──────── Data provided
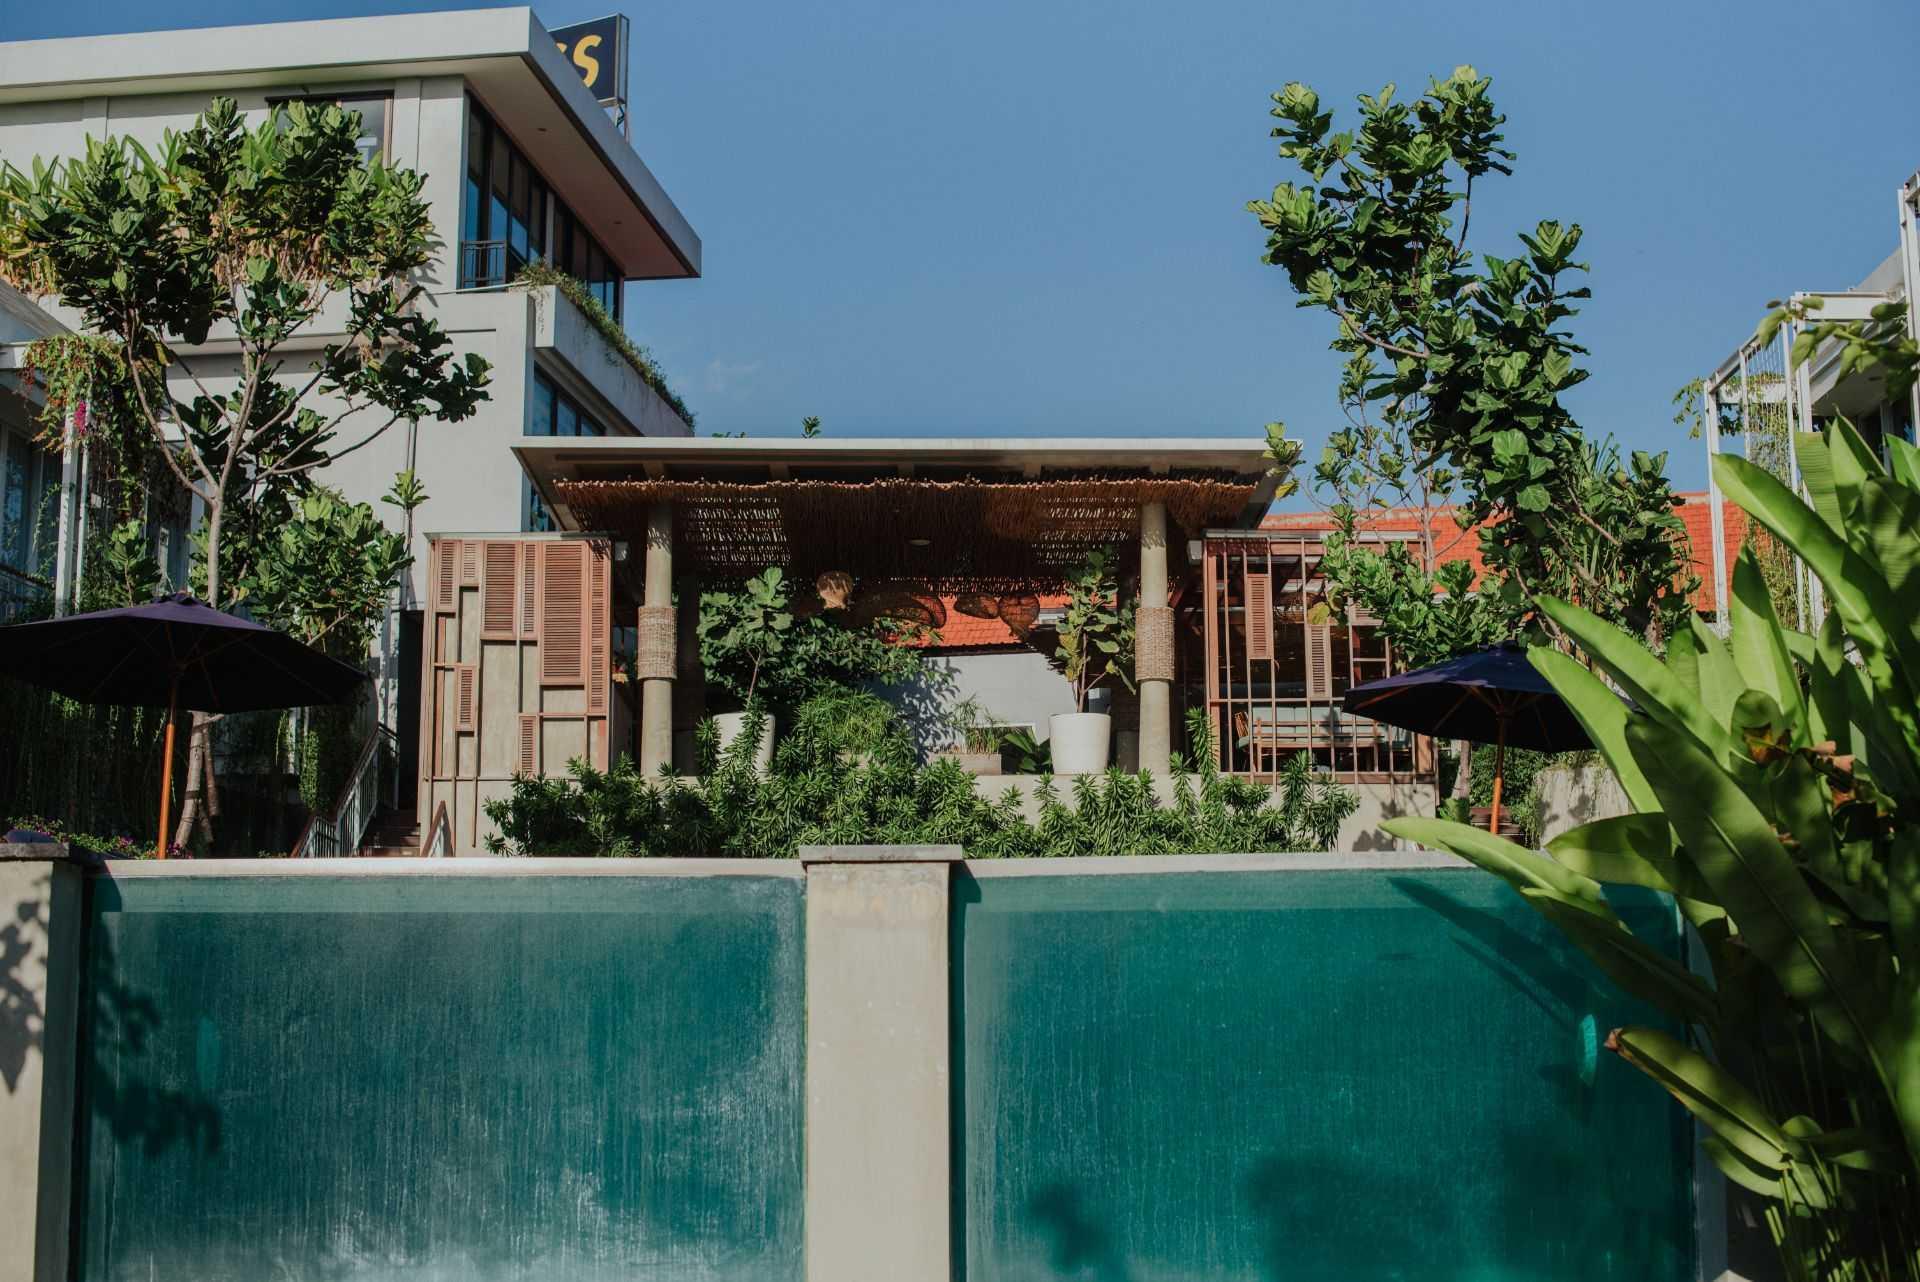 Nitkala Arsitek Rimbun Hotel Canggu, Kec. Kuta Utara, Kabupaten Badung, Bali, Indonesia Canggu, Kec. Kuta Utara, Kabupaten Badung, Bali, Indonesia Nitkala-Arsitek-Rimbun-Hotel  121610
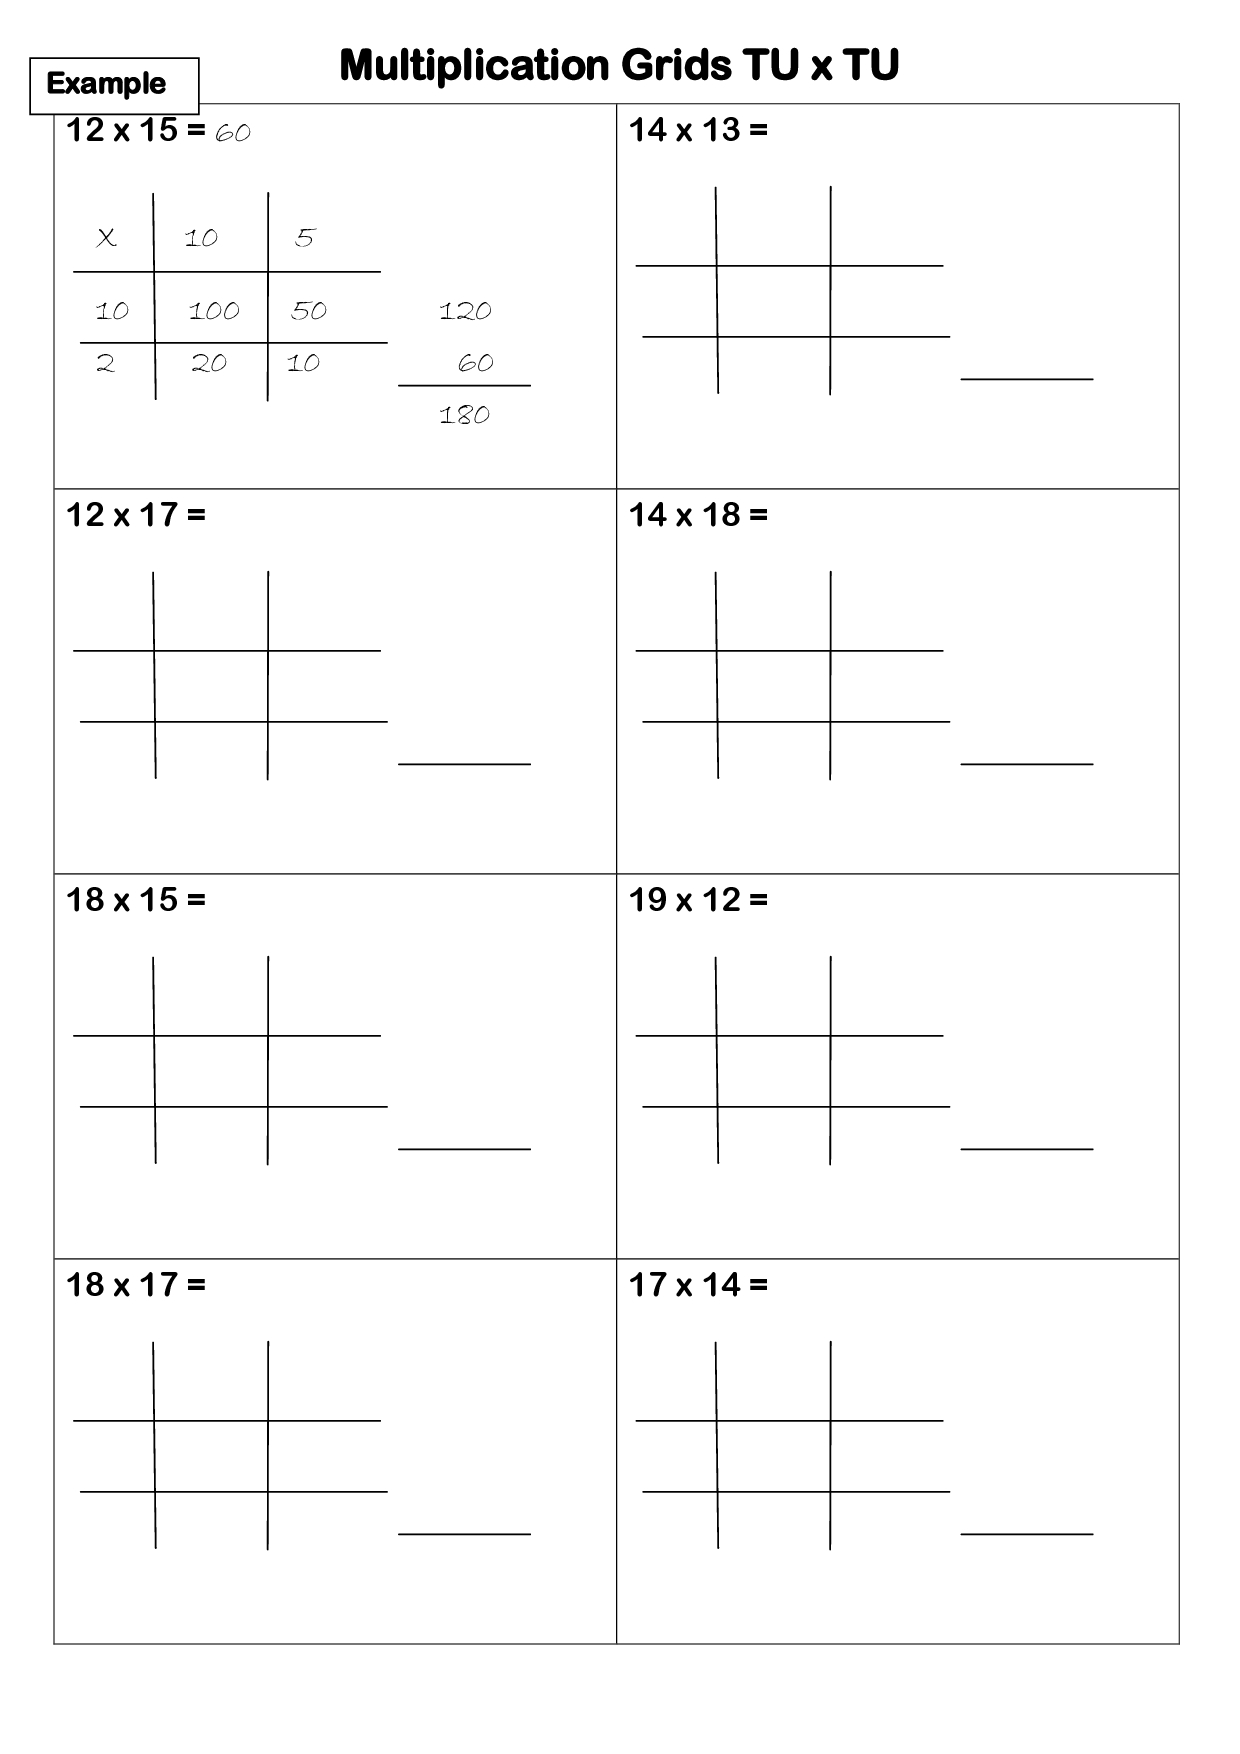 Worksheet Works Lattice | Printable Worksheets And in Printable Lattice Multiplication Grids
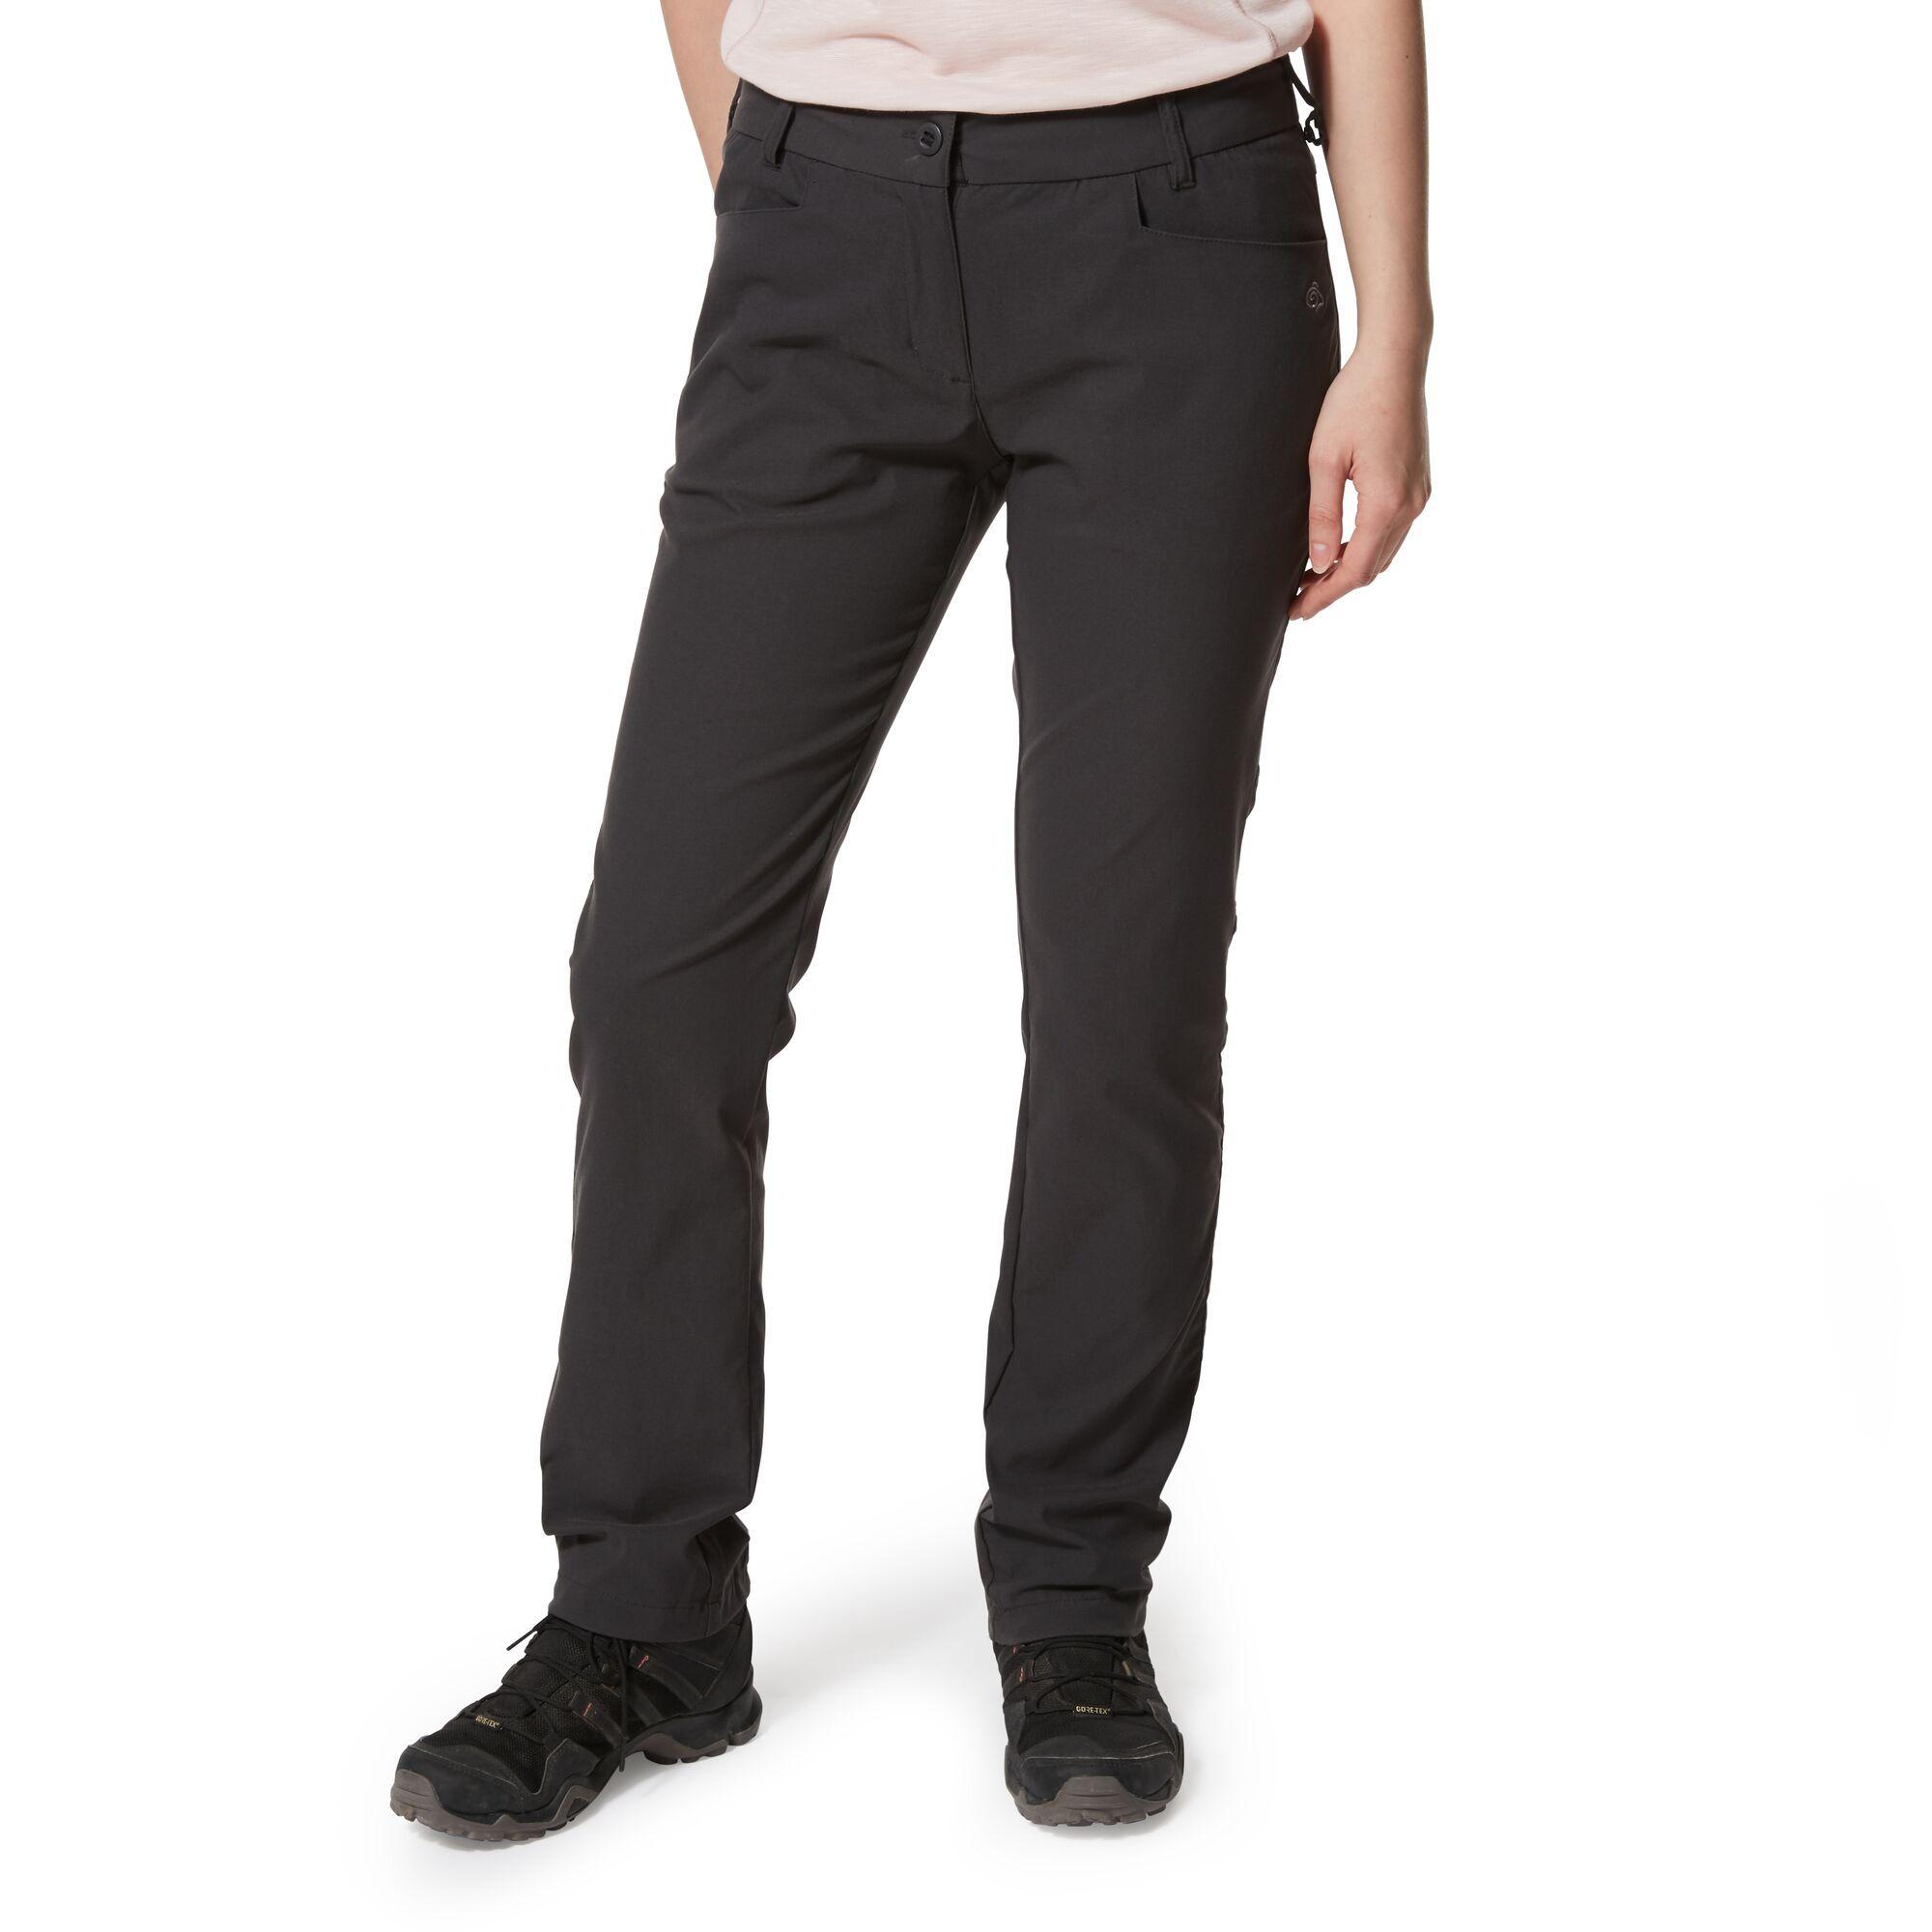 Craghoppers-Pantalon-CLARA-Femme-CG1066 miniature 15
────────────────
• Task requirements: Are you able to set down all the lines above exactly, without any pictures?

• Answer box:
 Nitkala Arsitek Rimbun Hotel Canggu, Kec. Kuta Utara, Kabupaten Badung, Bali, Indonesia Canggu, Kec. Kuta Utara, Kabupaten Badung, Bali, Indonesia Nitkala-Arsitek-Rimbun-Hotel  121610
 Worksheet Works Lattice | Printable Worksheets And in Printable Lattice Multiplication Grids
 Craghoppers-Pantalon-CLARA-Femme-CG1066 miniature 15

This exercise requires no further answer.